◆ **Dataset extract**
__________

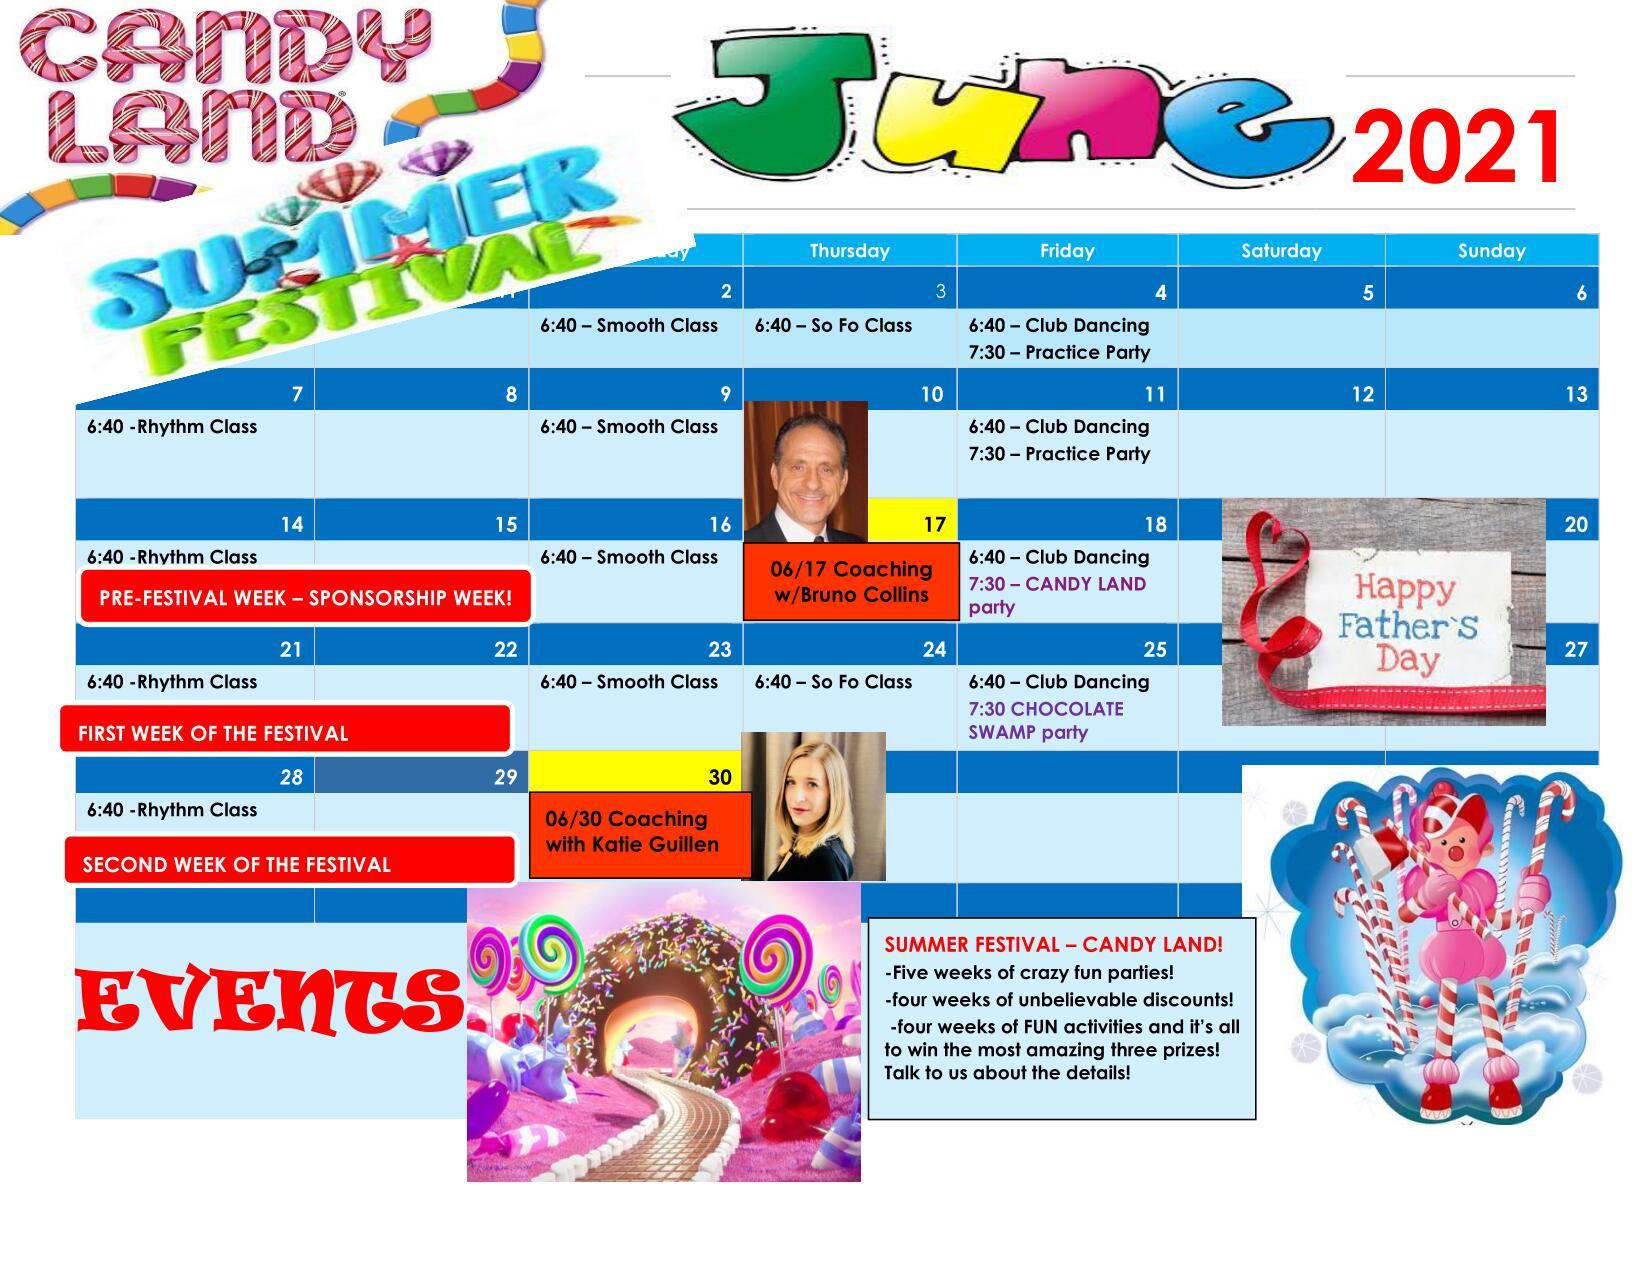 Download our June 2021 Dancing Calendar here!
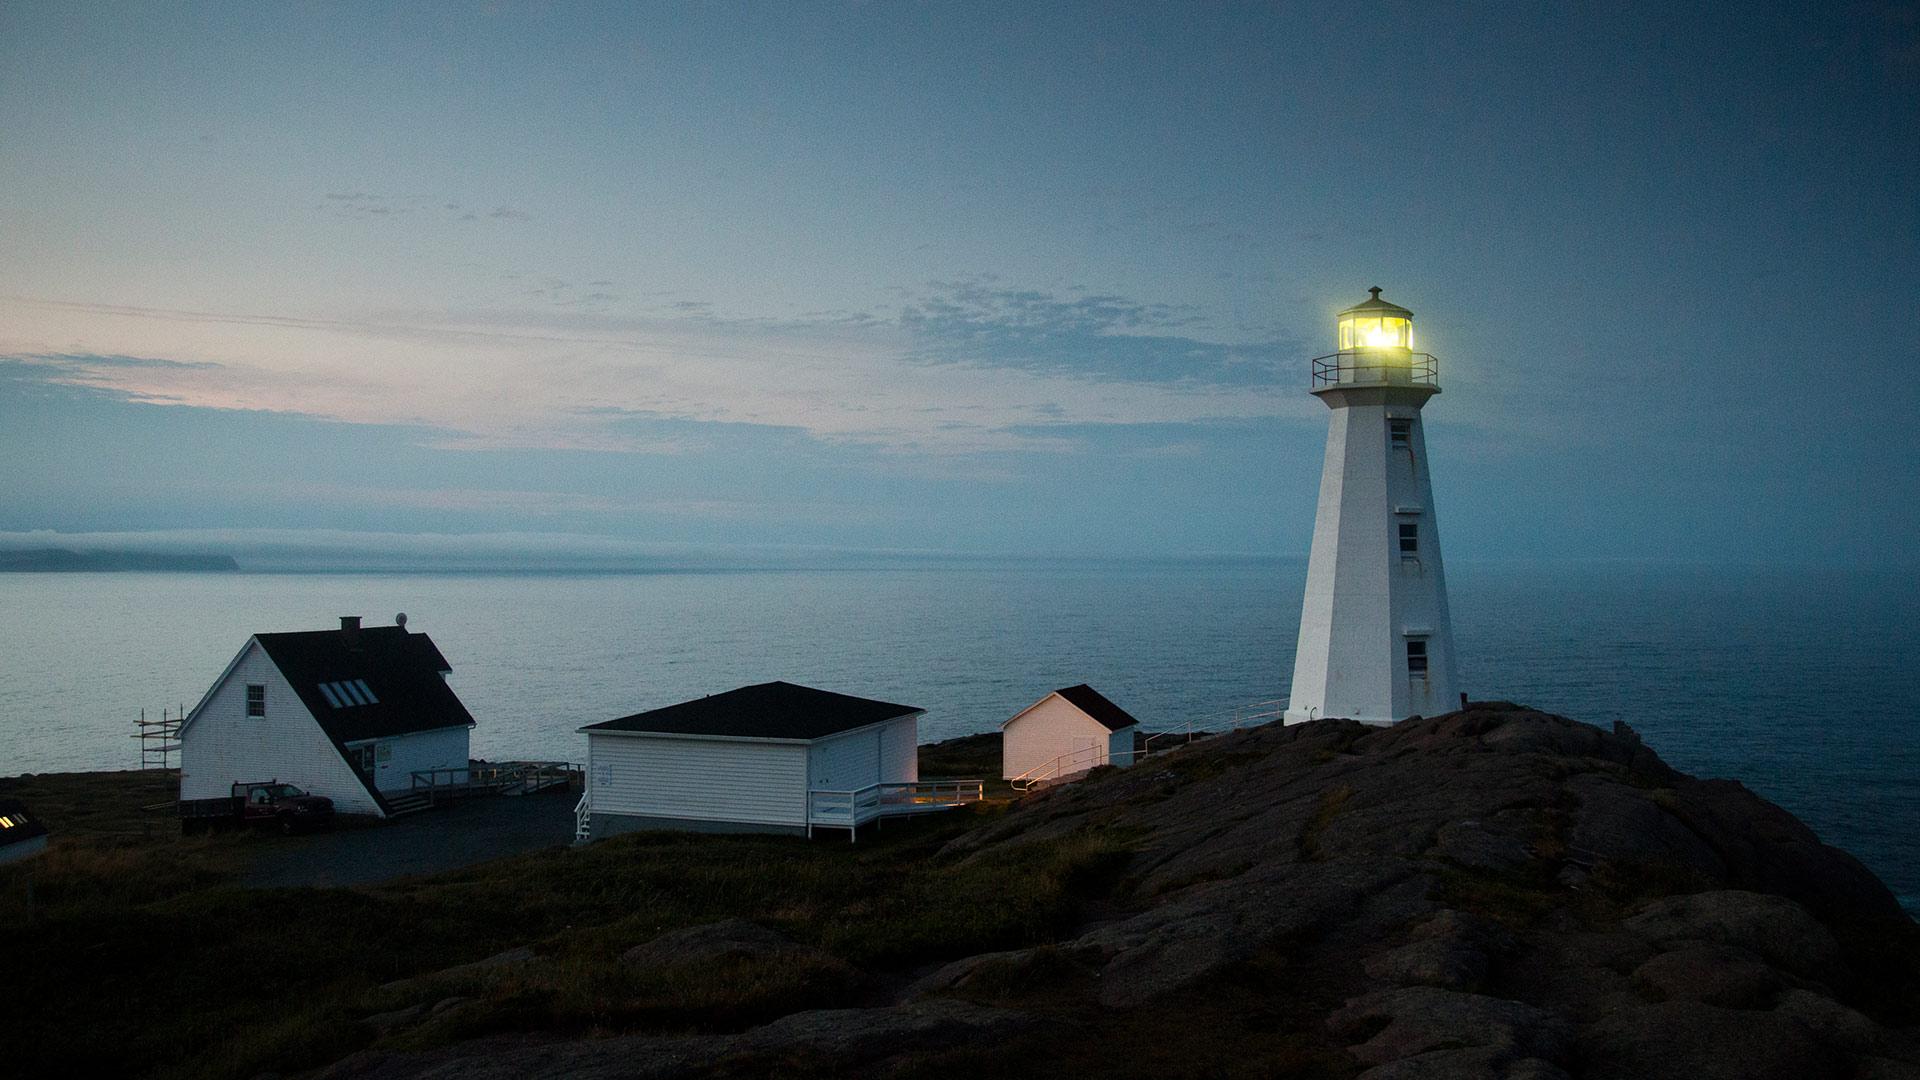 Avalon Lighthouse Bing Wallpaper Download 1920x1080
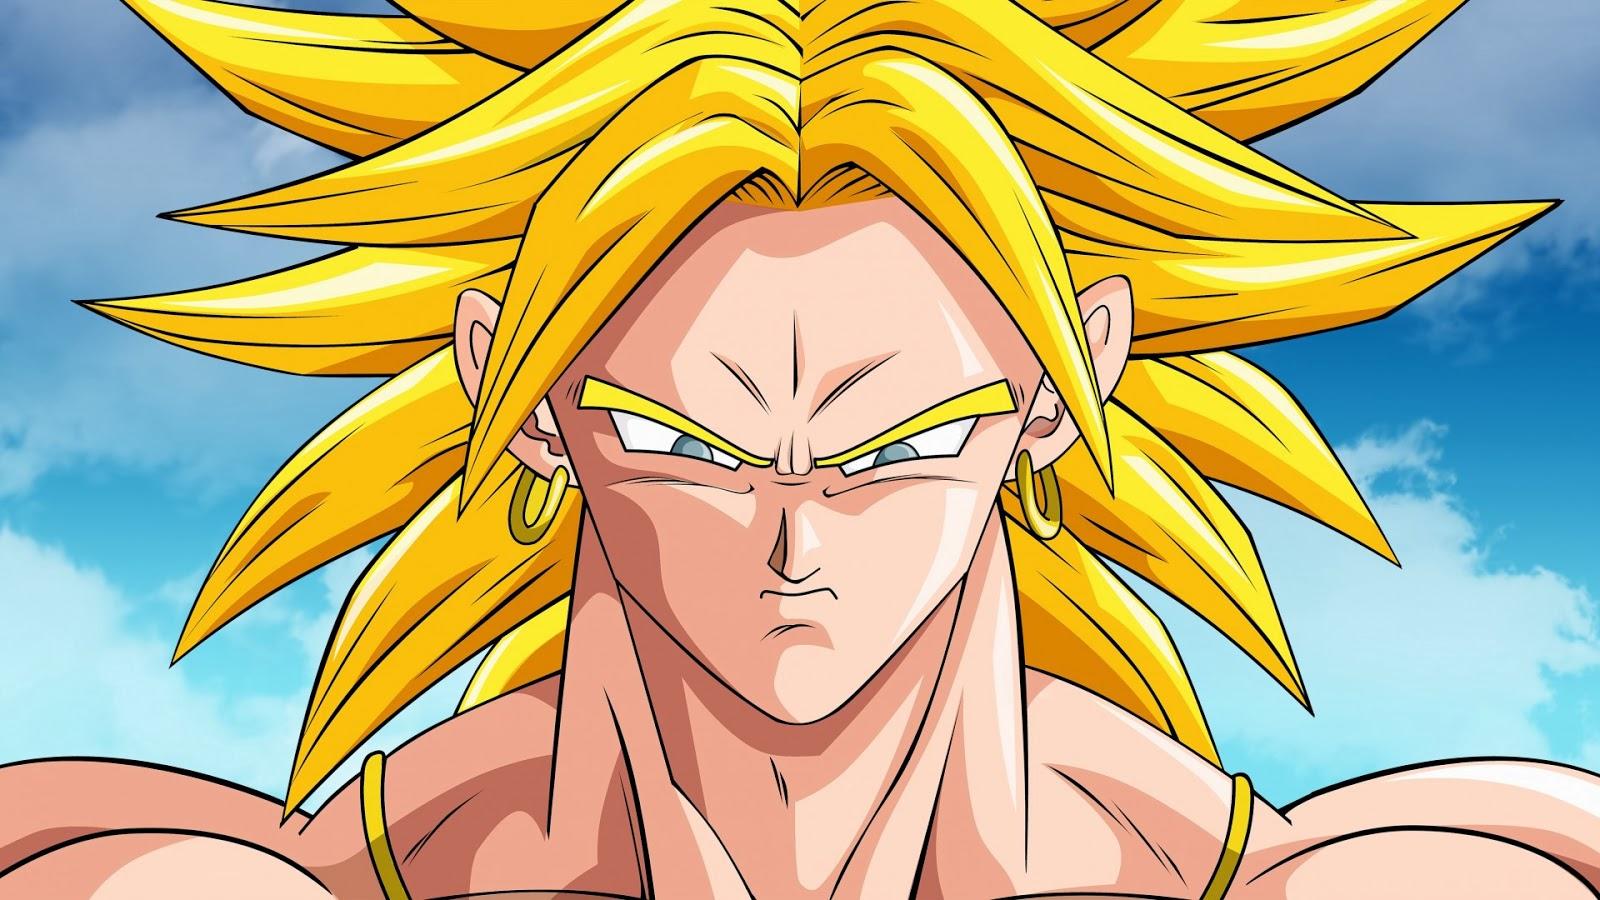 Dragon ball gt senhor todo poderoso rei yaka yaka yaka ludo - 5 9

__________

◆ **Work to complete**
All that is needed is an exact copy of the lines from the line with "Avalon Lighthouse Bing" through the end of the listing, both ends included, with no pictures.

◆ **Task response**
 Avalon Lighthouse Bing Wallpaper Download 1920x1080
 Dragon ball gt senhor todo poderoso rei yaka yaka yaka ludo - 5 9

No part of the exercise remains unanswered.